Since Rali still seems to be gone, and I want to keep her blog going, how about a little cross-disciplinary thinking?
Most people know by know that computers think in zeros and ones. Every letter you type on a keyboard, every video you look at on YouTube, every sound your computer produces is represented internally by a binary number. For example, the letter “A” would be stored in computer memory as 01000001. Of course, the computer doesn’t actually store a number, but a representation of a number. These representations can take a variety of forms, such as a high or low voltage in a chip (High representing 1, low 0.) When signals are sent across buses and between computers, a pulse of voltage at a certain level represents a 1, whereas a lack of voltage represents a zero.

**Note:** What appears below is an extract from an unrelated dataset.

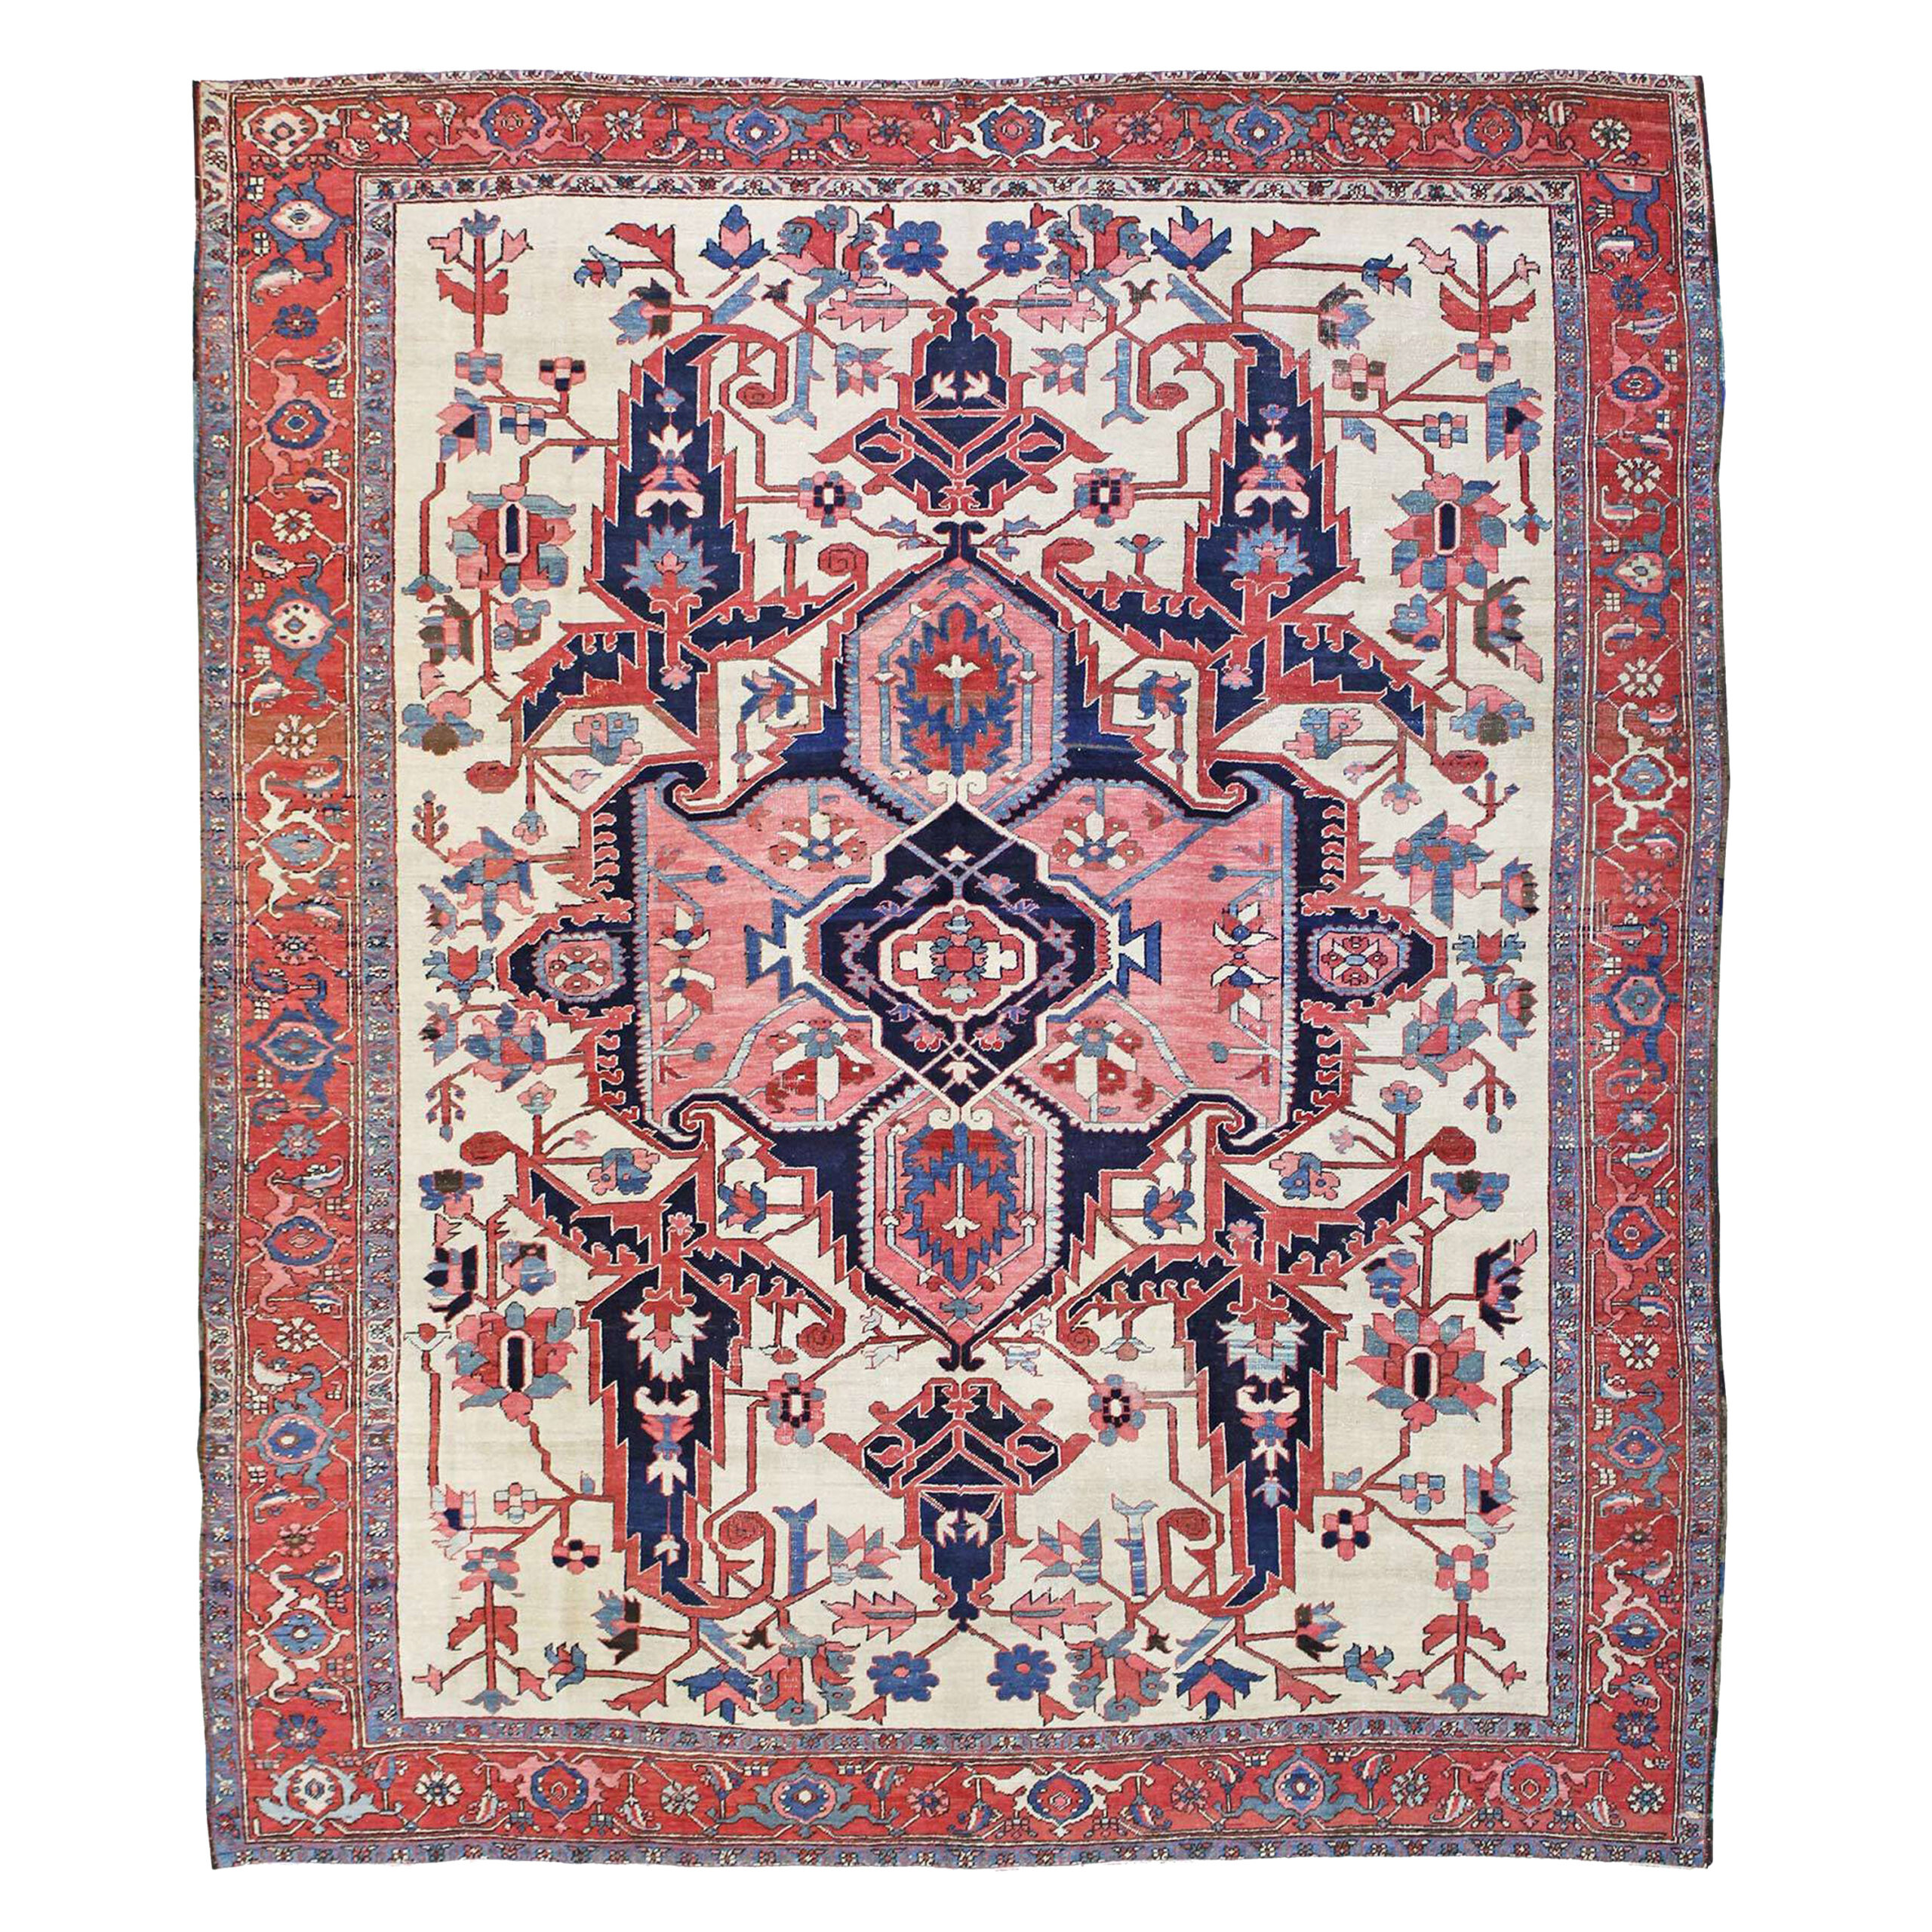 An antique Persian Heriz Serapi carpet with a coral and navy blue medallion on an ivory field that is also decorated with large, navy blue leaves and ancillary stylized floral decoration. A brick red Turtle design border frames the field. Douglas Stock Gallery, antique Persian carpets, Boston,MA area, antique carpets Brookline, Newton, Weston, Belmont, Wellesley, Needham, Natick,MA area

Below is a waveform I captured with an oscilloscope off of a T1 line in my home lab. A T1 is a type of digital circuit provided by the telephone company, which is commonly used to connect computer networks over long distances. I captured two waveforms simultaneously, one off the transmit side and one off the receive side. Look first at the bottom graph. You’ll see a series of pulses, some going up, some going down, with an occasional flat line between them. This would be interpreted as 1111101111110… Each pulse represents a one, regardless of whether it points up or down. This alternation of the pulses between negative and positive is a deliberate design which creates a zero net DC voltage on the line. The important thing to notice is that the pulses always alternate, with positive following negative and vice versa.
Now look at the top chart. We see a pattern that looks like 1101100011011001… But we clearly see two negative pulses, followed shortly after by two positive pulses. This is a violation of the rule I just described. What gives?
It turns out that T1 lines don’t like to have long strings of zeros. It throws off the timing of the line. So whenever a long string of zeros shows up at the T1 equipment, it throws in a special pattern of 00011011 to remove the zeros, but then forces two bipolar violations to signal the receiving equipment that what it really wanted to send was 00000000 and not 00011011. If it had really intended to say 00011011, the signal would have normal, alternating polarity. We call this Binary 8 Zero Substitution, or B8ZS.
So what does this have to do with anything? Well, the devil is in the details, whether it’s computers speaking or humans. It shows how two things can look remarkably similar, and yet be completely different. For Greek students, it should emphasize the importance of paying attention to diacritical markings! Just like our 00011011 looks like 00011011, but is in fact 00000000, ἤ may look like ἡ or ᾖ, but they are not the same thing. ποίει looks almost identical to ποιεῖ, but the accents are different, and so are the meanings. The Greeks may not have needed diacritical marks, but they are your best friend, so keep your eye on the less obvious details if you want to read Greek. Learn the diacritical marks as a part of the spelling of the word, and pay attention to those iota subscripts, which, although not technically diacritical marks, are treated the same way by many students, and ignored.